Plus there is a new augmented reality (AR) Simon Service app that lets you see inside the new fork. Sure, many of its functions will be most used my shops servicing a Lefty, but it also guides riders through suspension setup and regular maintenance, explaining how the fork works, besides the service & spare parts functionality.

2019 Update: The third-party AR App that Cannondale uses seems to have gone through a number of iterations since we wrote this. The app created by PTC Inc. is currently called “Vuforia View” in the OS app store, delivering this interactive experience with its hexagonal QR codes.

The Bottom Line in the new F-Si + Lefty Ocho combo

Cannondale’s new XC race hardtail comes back to their mantra of using System Integration to build a better, faster cross-country racing hardtail capable of tackling ever more difficult pro race courses. A lighter, more durable carbon hardtail pairs with a lighter, more ride-tuned single-crown, single-sided, upside-down suspension fork. While neither frame nor fork are the absolute lightest on the market, together they shed 300g over the previous generation which was already well-received from pros & privateers.

Stay tuned over the next few days as we get out and ride the new bike in a mix of XC conditions. And check out the complete bike build specs, pricing & availability details on the new bikes here.

Cannondale.com/TheNewFSi & Cannondale.com/TheLeftyOcho

27 COMMENTS

    • And with a remote it’s right up there again! Amazing!

      This fork looks great. I really hope they got the kinks out in development. Maybe in shop service will be possible again.

  1. With reduced travel this would be the ultimate aftermarket gravel fork, especially now that the steerer is a standard size. Must be coming to a future Slate at the very least I would think.

    • That seems likely. I am expecting them to offer a carbon version of the Slate to widen the line a bit and your thought makes a perfect match to a higher end build that would accompany that.

  2. Access to the seatpost wedge clamp (under the TT) is not very convenient. Why not the side? That’s definitely one of those nifty features that are awesome on the showroom floor, but will cause fits, tantrums and thrown tools in the shop.

    • Sounds like you work in a shop that has issues far beyond a seatpost wedge. It’s really not that difficult, inconvenient maybe but ultimately it’s fairly simple.

    • Why would a hole under the TT be any more difficult than a hole on the side? As long as you’re not a dope & can observe the location, it’s the same procedure. Plus, the side holes tend to collect water corrode hardware faster.
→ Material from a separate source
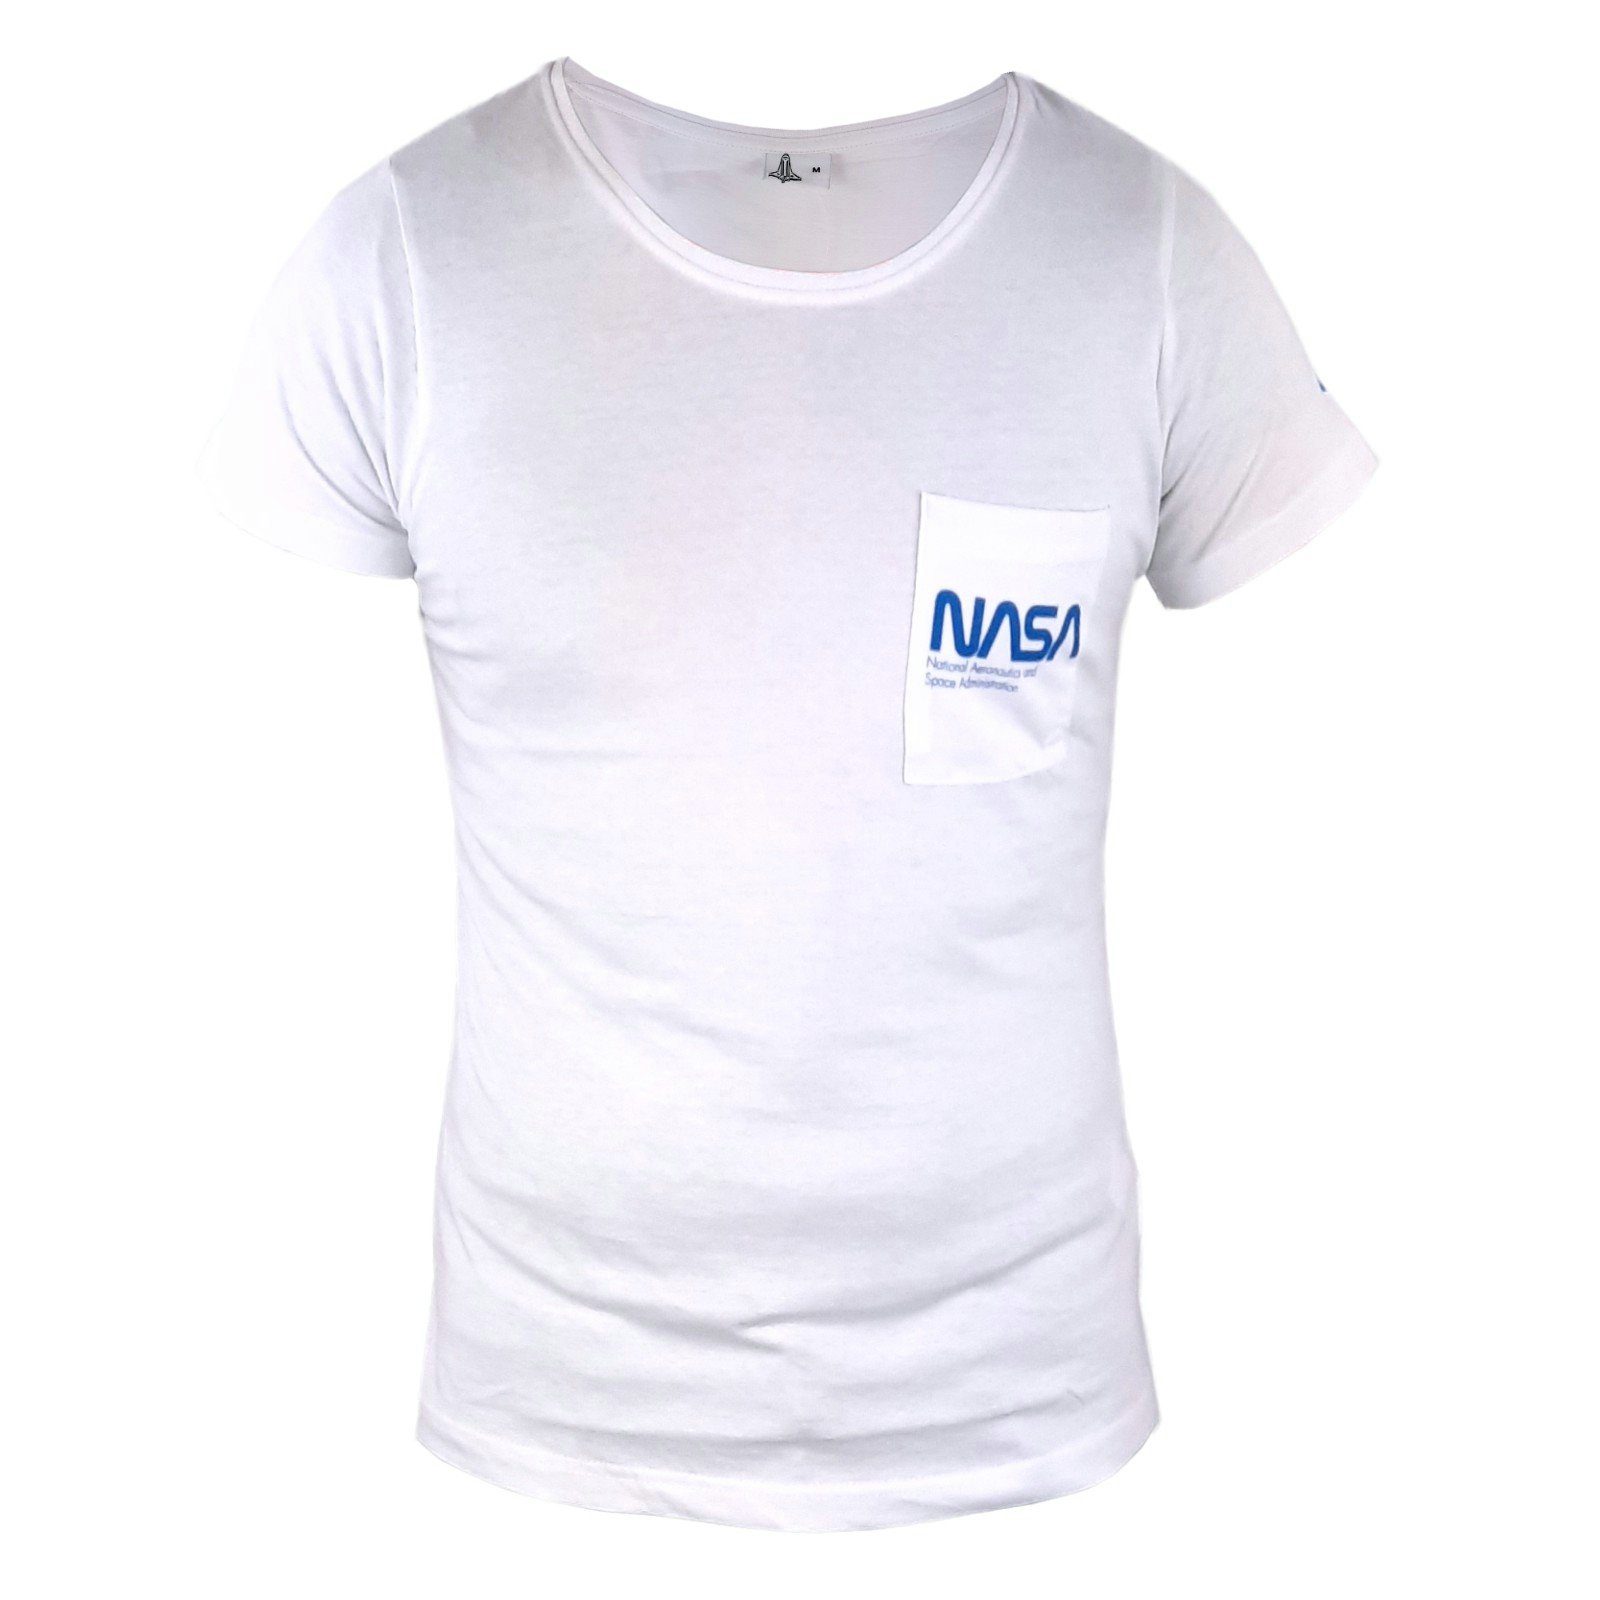 NASA T-Shirt NASA Space Center Damen kurzarm Shirt Gr. S bis XL, 100% Baumwolle

  3. Love the lefty forks. My 2006 Rush and then 2013 F5 both had them. The Rush fit nicely being 26″ wheels, however I am short and the required headtube length for the F5 to work did not allow me to get my bars low enough with that crown setup and 29er wheels so I sold it. This new approach makes me very happy.

    • Just look at many scooter or BMW 2 wheel model, or simply your car where side load are huge. All single sided.

  4. I did not remebrem lefty where that heavy. It’s noticably heavier than a step cast with proprietary wheel. Not that appealing.

    • Seems like pretty comparable weight. Plus, a much stiffer chassis & much lower friction under load. I suppose it’s OK if you’re just arbitrarily not into lefty, but the design does offer some serious benefits over normal double stanchion forks.

    • True, but small bump sensitivity is likely better because of lower stiction, lower unsprung weight and greater rigidity.

  5. Using the same fork diameter as Giant have been using with their Overdrive 2 is a good idea. Its the stiffest front end in road and mountain.

    • @Johnny, its names seems to change somewhat often. Currently, it shows up on my phone as “View”. Searching in the iOS app store it is called “Vuforia View” by PTC Inc.